17Thus, essentially for the reasons given by Adams J, but contrary to his Honour's conclusion, it seems to me that this ground, in the precise language in which it is expressed, should be upheld. That said, while the sentencing Judge erred, the error the subject of this ground was of no consequence.
18In R v Harris [2007] NSWCCA 130 the Court, of which I was a member, considered at some length the seriousness of offences of breaking, entering and stealing and car stealing. I see no reason to depart from anything said there and my approach to the Applicant's offending reflects those remarks.
19Immediately prior to committing the offence, the subject of Count 1, the Applicant was on premises that were not his, it is to be inferred, for the purposes of offending. He then tried to break in. His failure to do so would not seem due to any pangs of conscience but in consequence of finding some other, presumably more convenient, way of obtaining possession of the handbag he stole.
20The Applicant is to be sentenced for what he did and it is relevant that he did not extend his activities to causing his whole body to enter the premises, the subject of the first charge. However, that he made no more extensive efforts than he did to obtain access to the property stolen, is not a matter for which he is entitled to much credit. His return visit on the following day to steal the motor vehicle confirms that view.
21It may well be as Adams J has suggested that incarceration has little value as a deterrent to the Applicant. However, there remain considerations of general deterrence, retribution, and protection of the community. While I do not suggest this last mentioned factor should lead to imprisonment of the Applicant for longer than his offence otherwise merits, his appalling history to date indicates that this is not a matter to be treated lightly.
22I agree with Adams J that an appropriate head sentence for the Count 1 offence is 3 years. However, I can see no reason why the non-parole period should be any less than the proportion envisaged by s 44 of the Crimes (Sentencing Procedure) Act , viz. three-quarters of the head sentence.
23Accordingly I propose the following orders:-
(i) Grant leave to appeal.
(ii) Allow the appeal.
(iii) Quash the sentences imposed on the Applicant by Berman DCJ on 12 February 2010.
(iv) In respect of Count 1, sentence the Applicant to imprisonment for a non-parole period of 2 years and 3 months commencing on 1 December 2008 together with a further term of 9 months commencing on 1 March 2011.
(v) In respect of Count 3, sentence the Applicant to imprisonment for a fixed term of 1 year commencing on 1 September 2010.
(vi) In respect of the CAN offence, and taking into account the Form 1 offence, sentence the Applicant to imprisonment for a non-parole period of 9 months commencing on 1 September 2011 together with a further term of 2 years commencing on 1 June 2012.
(vii) Record as the date upon which it appears that the Applicant is entitled to release on parole, 1 June 2012.
24ADAMS J:
Introduction
25On 16 November 2009 the applicant was convicted in the District Court of the offence of breaking and entering a dwelling house and stealing an item from it, knowing that a person was inside the premises, the latter being a circumstance of aggravation (count 1).
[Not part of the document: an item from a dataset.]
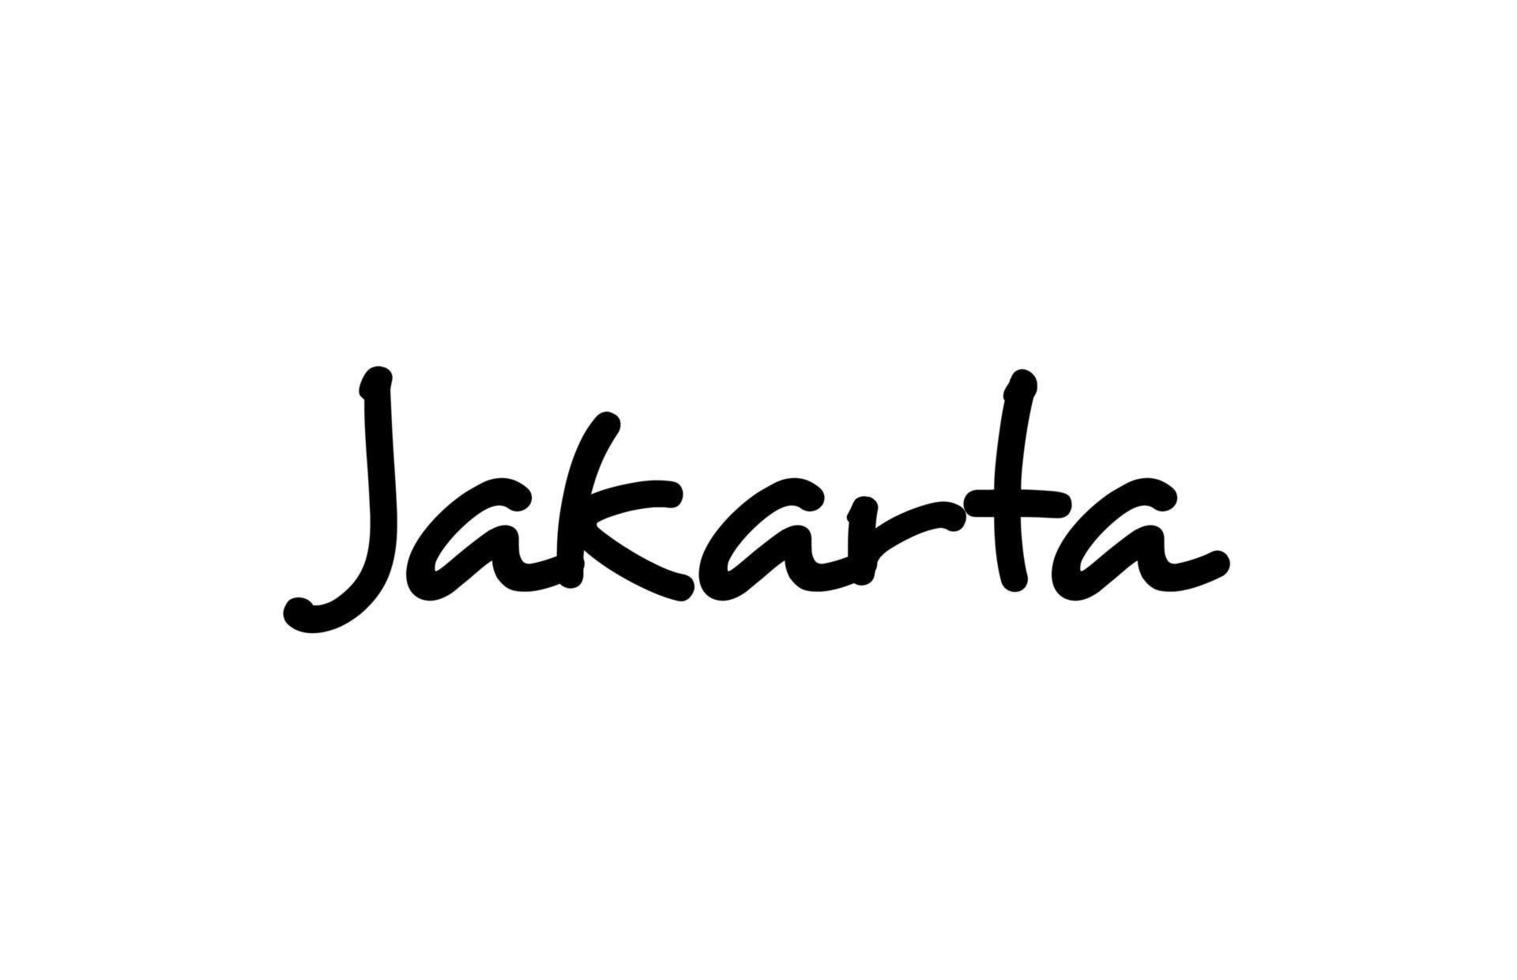 lettrage de main de texte de mot manuscrit de la ville de jakarta. texte de calligraphie. typographie en couleur noire vecteur

He had pleaded guilty to an alternative count which did not allege the aggravating circumstance but the Crown declined to accept this plea in discharge of the indictment. The applicant was tried (by judge alone) and convicted of the principal count. On the same date, he pleaded guilty to an offence of stealing a motor vehicle from the occupier of the premises (count 3). In addition, the applicant pleaded guilty to breaking, entering and stealing from commercial premises, this being before the Court by virtue of a court attendance notice, to which he had pleaded guilty in the Local Court (CAN offence). He asked that the theft of another motor vehicle should be taken into account on a Form 1. The offences were committed respectively on 29 and 30 September and 11 and 6 December 2008.
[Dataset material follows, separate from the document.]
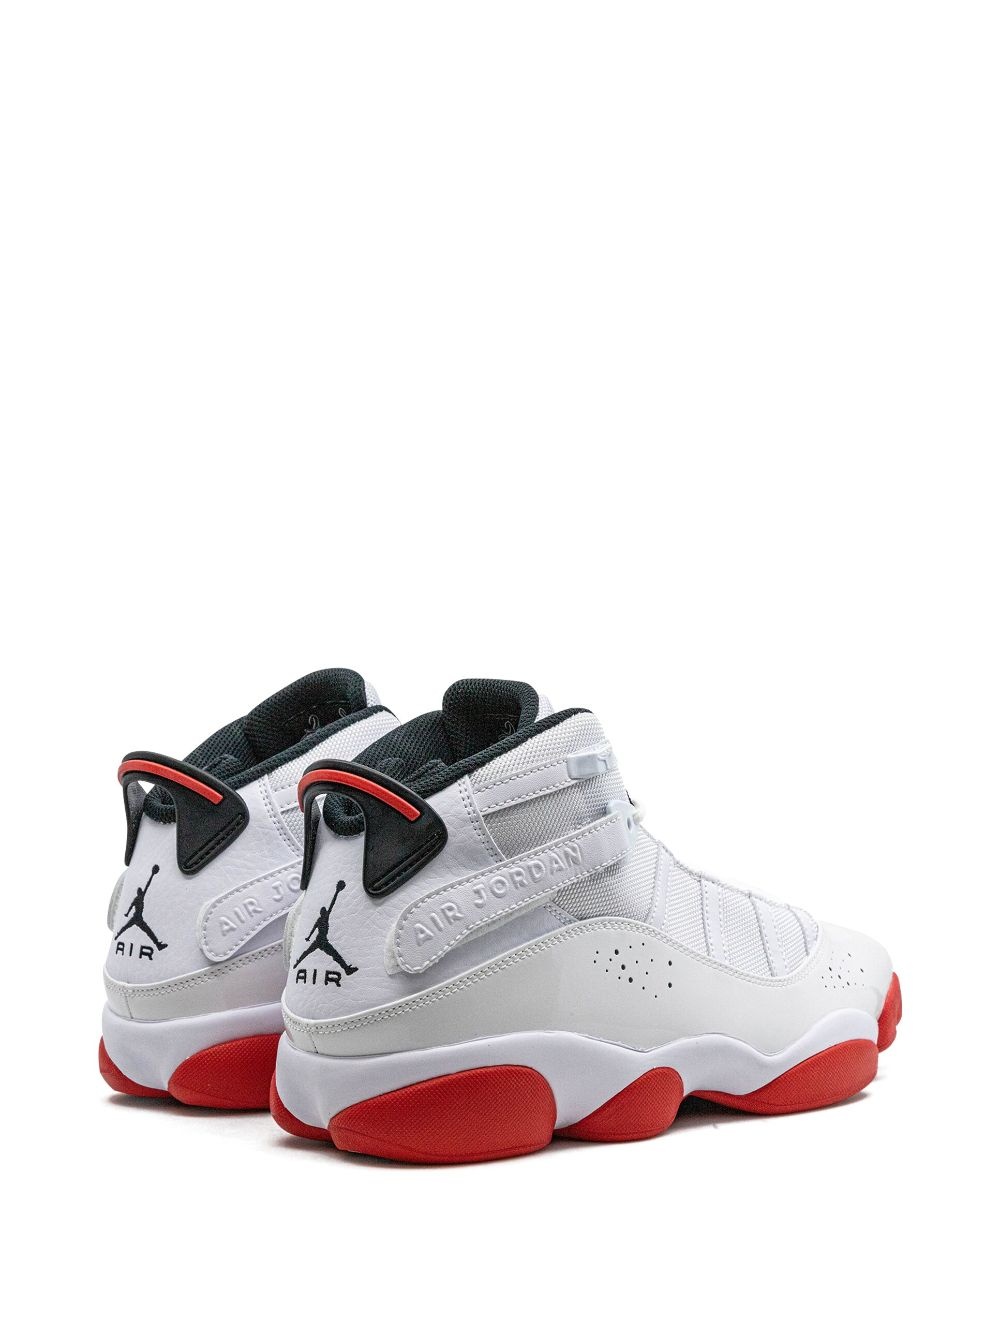 Jordan 6 Rings sneakers - 3

26The count 1 offence carries a maximum term of imprisonment of 20 years with a standard non-parole period of five years. The CAN offence carries a maximum term of imprisonment of fourteen years whilst count 3 carries a maximum penalty of five years imprisonment.
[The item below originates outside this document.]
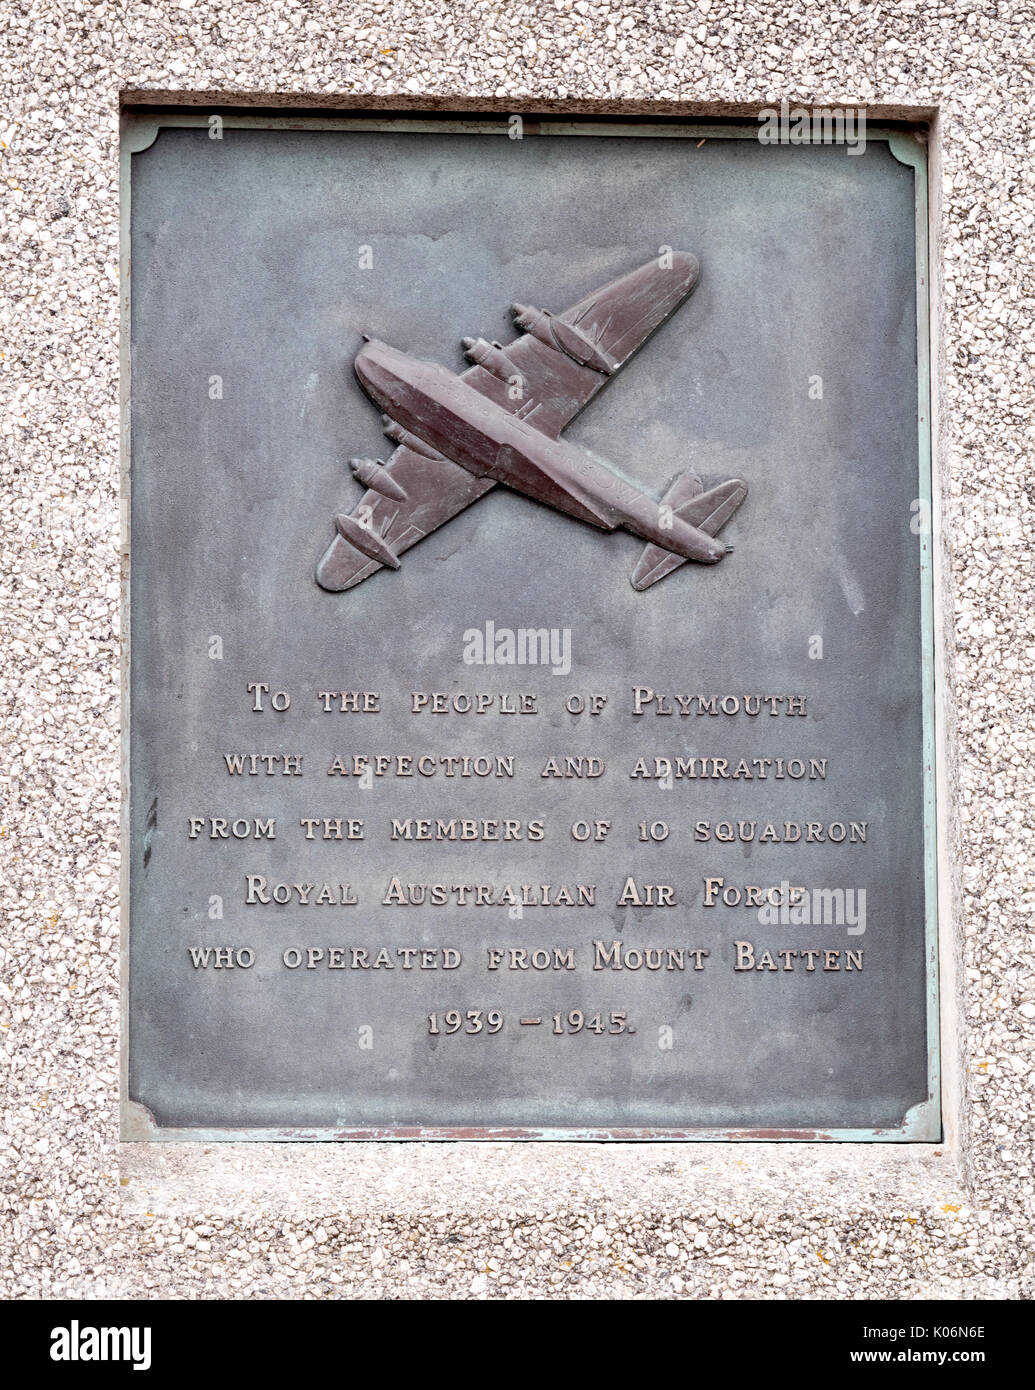 Plaque commémorative au peuple de Plymouth à partir de 10 Squadron de la Royal Australian Air Force qui étaient stationnés à Mount Batten 1939 -19445 Banque D'Images

27On count 1 he was sentenced to imprisonment for four years commencing on 1 December 2008 with a non-parole period of two years and six months. On count 3 he was sentenced (allowing a discount of 25% for the plea) to imprisonment for a fixed term of 12 months commencing on 1 December 2010. On the CAN offence (taking into account the Form 1 offence and allowing a discount of 25% for the plea) the applicant was sentenced to imprisonment for five years commencing on 1 June 2010 with a non-parole period of two years and six months. The effective aggregate sentence was therefore imprisonment for six years and six months commencing on 1 December 2008 with a non-parole period of four years. The commencement date reflected backdating accounting for the time spent in custody of one year, two months and 12 days.
28The applicant seeks leave to appeal upon the following grounds -
Ground 1 - The learned sentencing judge erred in failing to have any or proper regard to the fact that counts 2 and 3 [a mistake respectively for count 3 and the CAN offence] could have been dealt with in the Local Court and failed to have any or proper regard to the maximum penalty in such a case.
Ground 2 - The individual sentences imposed on counts 1 and 3 [this being an error for the CAN offence] were manifestly excessive and the overall sentence was manifestly excessive.
The facts
29For the purpose of the sentencing proceedings, the facts were not controversial. The following is taken largely from the sentencing judge's reasons.
30On 29 September 2008 the female victim and her husband were at home in the afternoon, the latter leaving at about 5.30pm, his wife then in a study on the third storey of their home. The applicant, seeing the male victim leave the house, looked through one of the windows and saw a bag on a chest of drawers. He removed a flyscreen in order to enter the house through a window but could not open it because it was deadlocked. Seeing a dog door in a set of doors on the ground floor, he got a garden stake and, putting part of his body through, lifted the bag off the chest of drawers using the stake. He escaped with the bag. Whilst he was doing this, the female victim heard noises from downstairs and called out. Receiving no answer, she ignored the noise and went back to work. The sentencing judge found that the applicant knew that it was likely that a person was home when the offence was committed but that, although the offence was aggravated because the premises were occupied, the female victim did not realise she had been burgled until some time later and, of course, it was not a case where there was any confrontation with an offender. The bag contained a wallet, housekeys, miscellaneous personal papers and the key to the victim's motor vehicle. There is no evidence, one way or another, as to whether the bag and its contents were recovered or what happened to the motor vehicle.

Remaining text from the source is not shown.